Julian also stressed that subscription businesses should not compromise their proprietary data when using AI. These tools don’t need access to everything a company has on their unique audience, and caution should be taken to share only the necessary information needed to do the task well.
The Future of AI in Business
After outlining how exactly AI can work in the context of personalization, the speakers then shared their vision for the future of AI and how it can transform subscription models and customer-centric approaches. Katrina said that the FT is experimenting with concepts like “laddering”, which allows customers to upgrade or downgrade their subscriptions according to their needs. This reflects the changing preferences and expectations of customers in the subscription economy. She also said that the FT is consistent with its core metrics and KPIs when using AI, as this is important for measuring future performance and results.
Katrina and Julian both further highlighted the importance of cross-functional collaboration when using AI.
“Cross functional working will be integral to all of this. A lot of what I’ve talked about is product and technology, it’s commercial, marketing teams, it’s legal, it’s compliance, it’s our data function. Every conversation we (The Financial Times) had when we were making the vendor selections (Zephr and Sub(x)) was a completely united decision and everybody came armed with their questions.” Katrina Broster, Marketing Performance and Technology Director, The Financial Times
This way of working creates a unified vision, ensuring any future AI projects are focused on holistic business objectives for optimizing customer experiences and subscription rates.
When asked about how businesses can prepare for AI in the near future, both Katrina and Julian advised that subscription businesses should take incremental steps to integrate AI into their processes and be proactive in investing in AI tools that can provide improvements in various areas.

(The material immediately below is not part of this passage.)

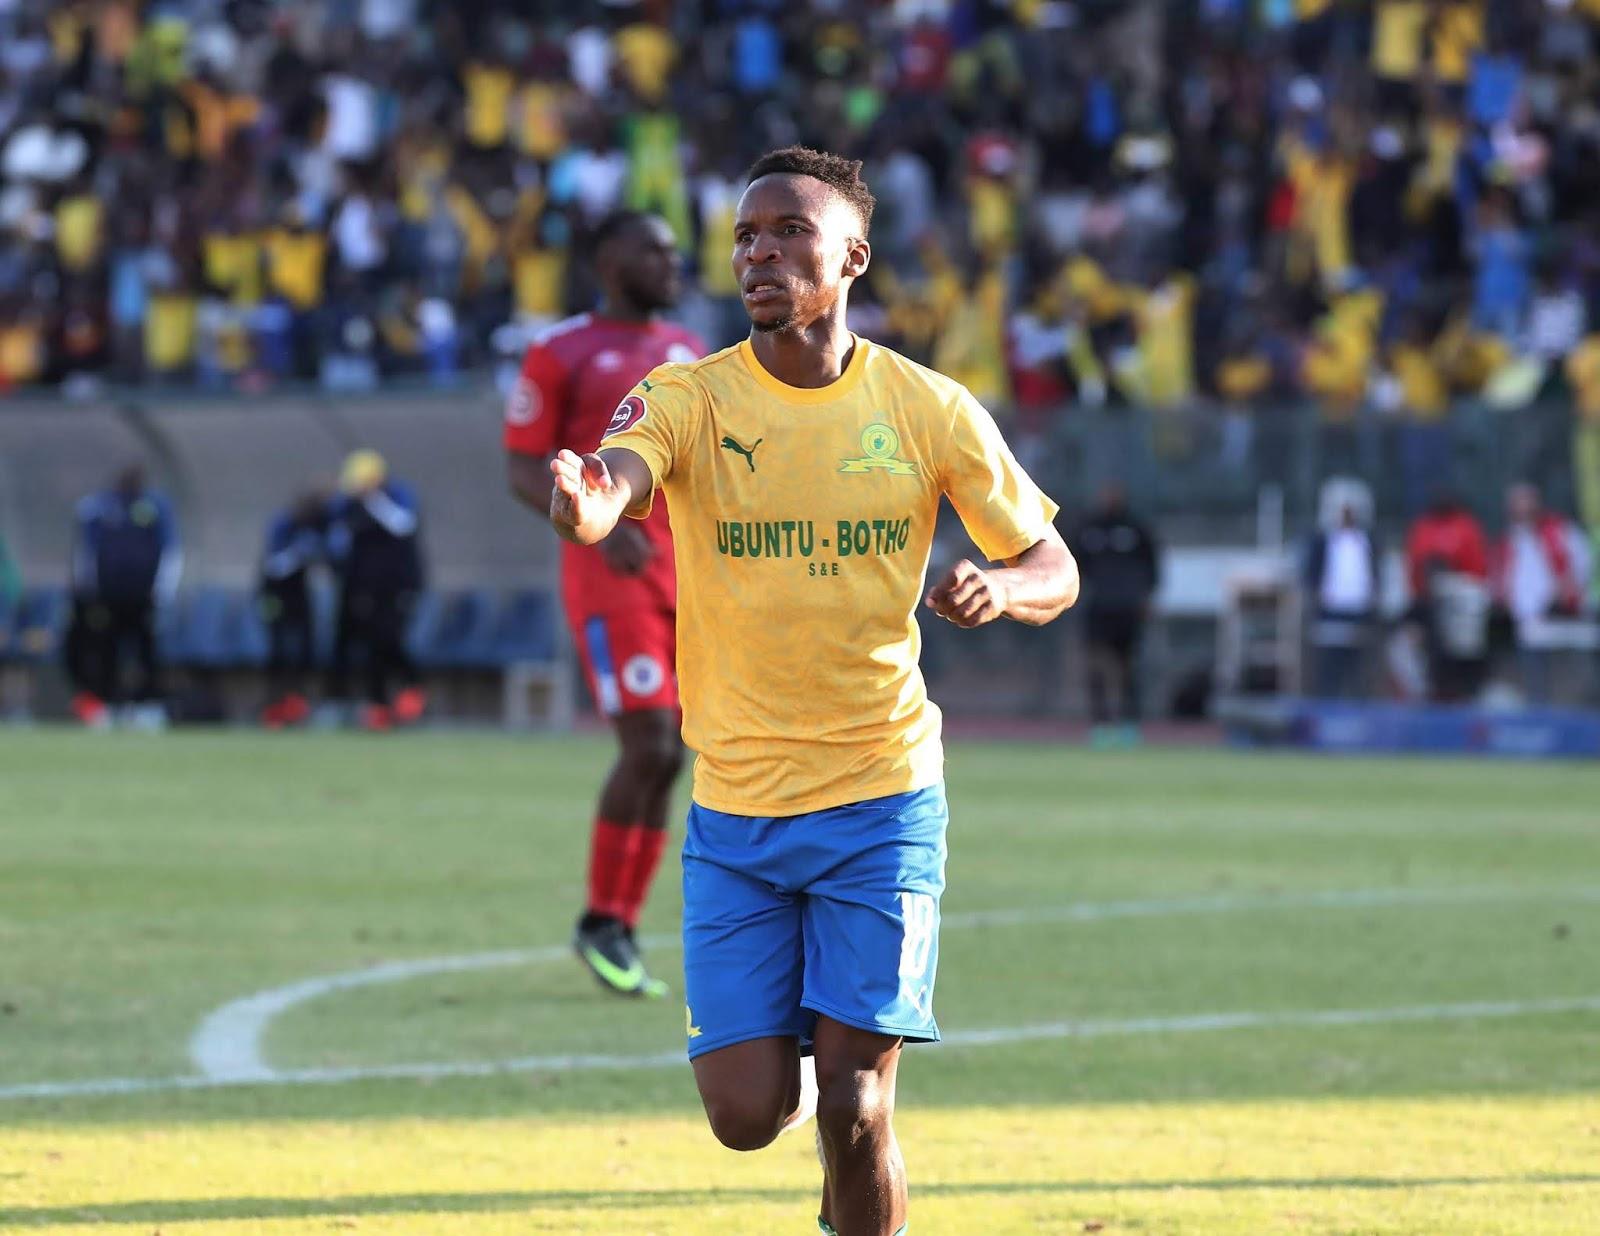 Mamelodi Sundowns midfielder Themba Zwane

“We don’t have a silver bullet (for success) at the FT. We’re not doing something differently to any other publisher. It’s really just investing the time and money that we need to in the right product development.” Katrina Broster, Marketing Performance and Technology Director, The Financial Times
Julian further emphasized the need to be proactive to stay ahead:
“It’s a bit of work, but ultimately, as Katrina said a couple of times throughout this discussion, really we haven’t got any choice because everyone else is going to be doing it. And it works. This is the next step in the consideration of ‘how can we make what we currently do work better’. Don’t put off until tomorrow what you can do today.” Julian Thorn, COO, Sub(x)
Want to Learn More?
The breakout session on AI shed light on the transformative potential of AI in the business world. It’s no longer a distant concept but a practical tool that can enhance various aspects of operations. As businesses navigate the AI landscape, demystifying it and harnessing its capabilities will be the keys to success.